Another challenge was the multiple number of shiny new trends and buzzwords popping up in the data space. Big data, cloud, graph, digital transformation, and now AI? Pick your favorite! Data management, governance, quality or workflows look very dull in comparison. The good thing is good practitioners know that these are prerequisites to get things done correctly.

Now that Semarchy has become an established player on the MDM market, what is the next move?

Since our inception, we’ve always believed in a single platform to solve all master data management issues. This all-in-one solution is still a dream for most companies, who struggle with four or five tools to manage their data. We are now ahead of that with our next move: extending our platform to be the end-to-end Intelligent Data Hub™. This includes new capabilities such as:

  • Data Discovery: Profiling data sources and learning about existing critical data assets.
  • Integration of any applications and leveraging any data source or service to enhance the enterprise data.
  • Governing the data hub by defining and enforcing business terms, processes, rules, policies, etc.
  • Managing data using apps designed for data champions and business users, with built-in data quality, match and merge, workflows, generated from the governance definitions and decisions.
  • Measuring the efficiency of the operations and the relevance of the governance choices using dashboards, KPIs and metrics based on data from the data hub or from external data sources.

Can you tell something more about how the Intelligent Data Hub is extending the MDM concept?

MDM is mainly about managing the domains core data assets (reference, customer, product, etc..) with data quality, match/merge and stewardship workflows.
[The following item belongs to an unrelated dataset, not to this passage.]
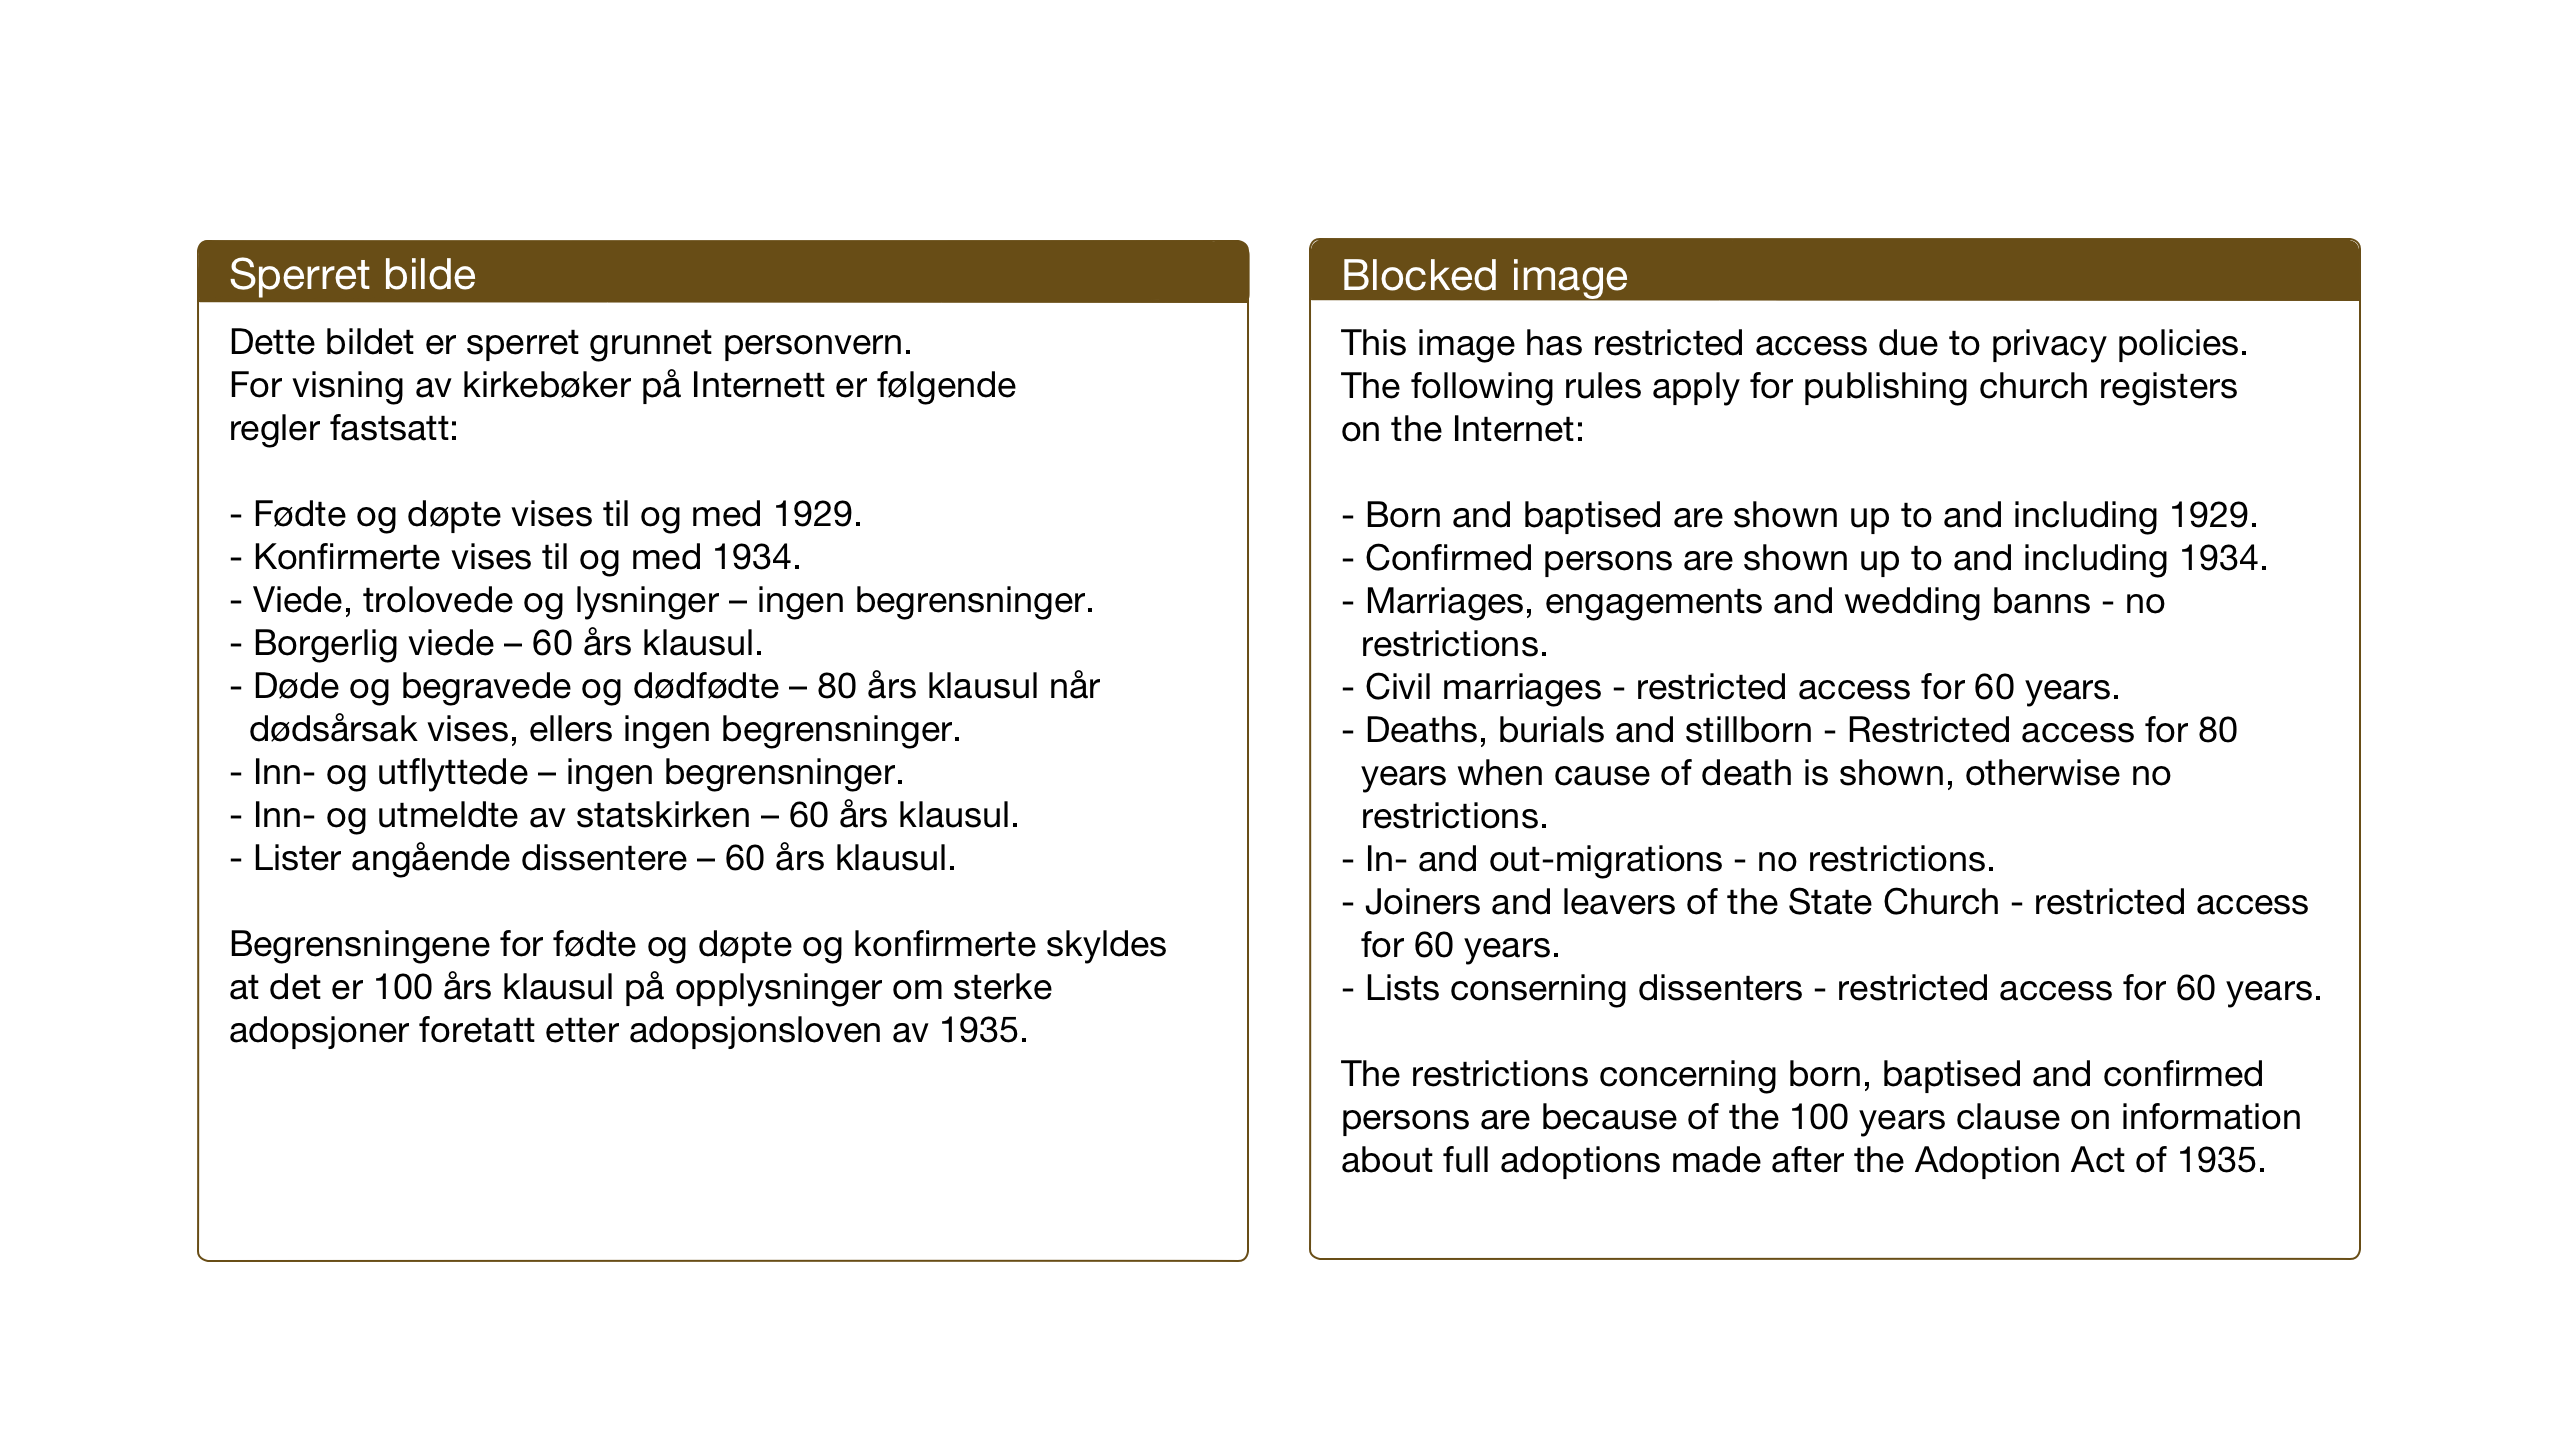 SAT, Ministerialprotokoller, klokkerbøker og fødselsregistre - Sør-Trøndelag, 641/L0599: Klokkerbok nr. 641C03, 1910-1938, s. 88

The data hub extends this idea in multiple directions:

  • It extends the scope of data available via the data hub beyond core master data, for example by eventually including transactional data and interactions to provide 360° views.
  • It takes an end-to-end approach for the data management initiative: from data governance, data onboarding with data discovery, profiling and cataloguing, down to the assessment of the value delivered with dashboards and KPIs.
  • It transparently opens the initiative to the whole enterprise. All business users become full members of the initiative via the data governance, data management and measurement channels. In short, the Intelligent Data Hub transforms every stakeholder in the organization into a data champion.

If you should have done something differently in Semarchy’s route to where you are now, what would that have been?

Go to the cloud from the beginning! Our platform is now available on major cloud platforms. If I had to do it again, I would have shipped the first version on premises *and* in the cloud.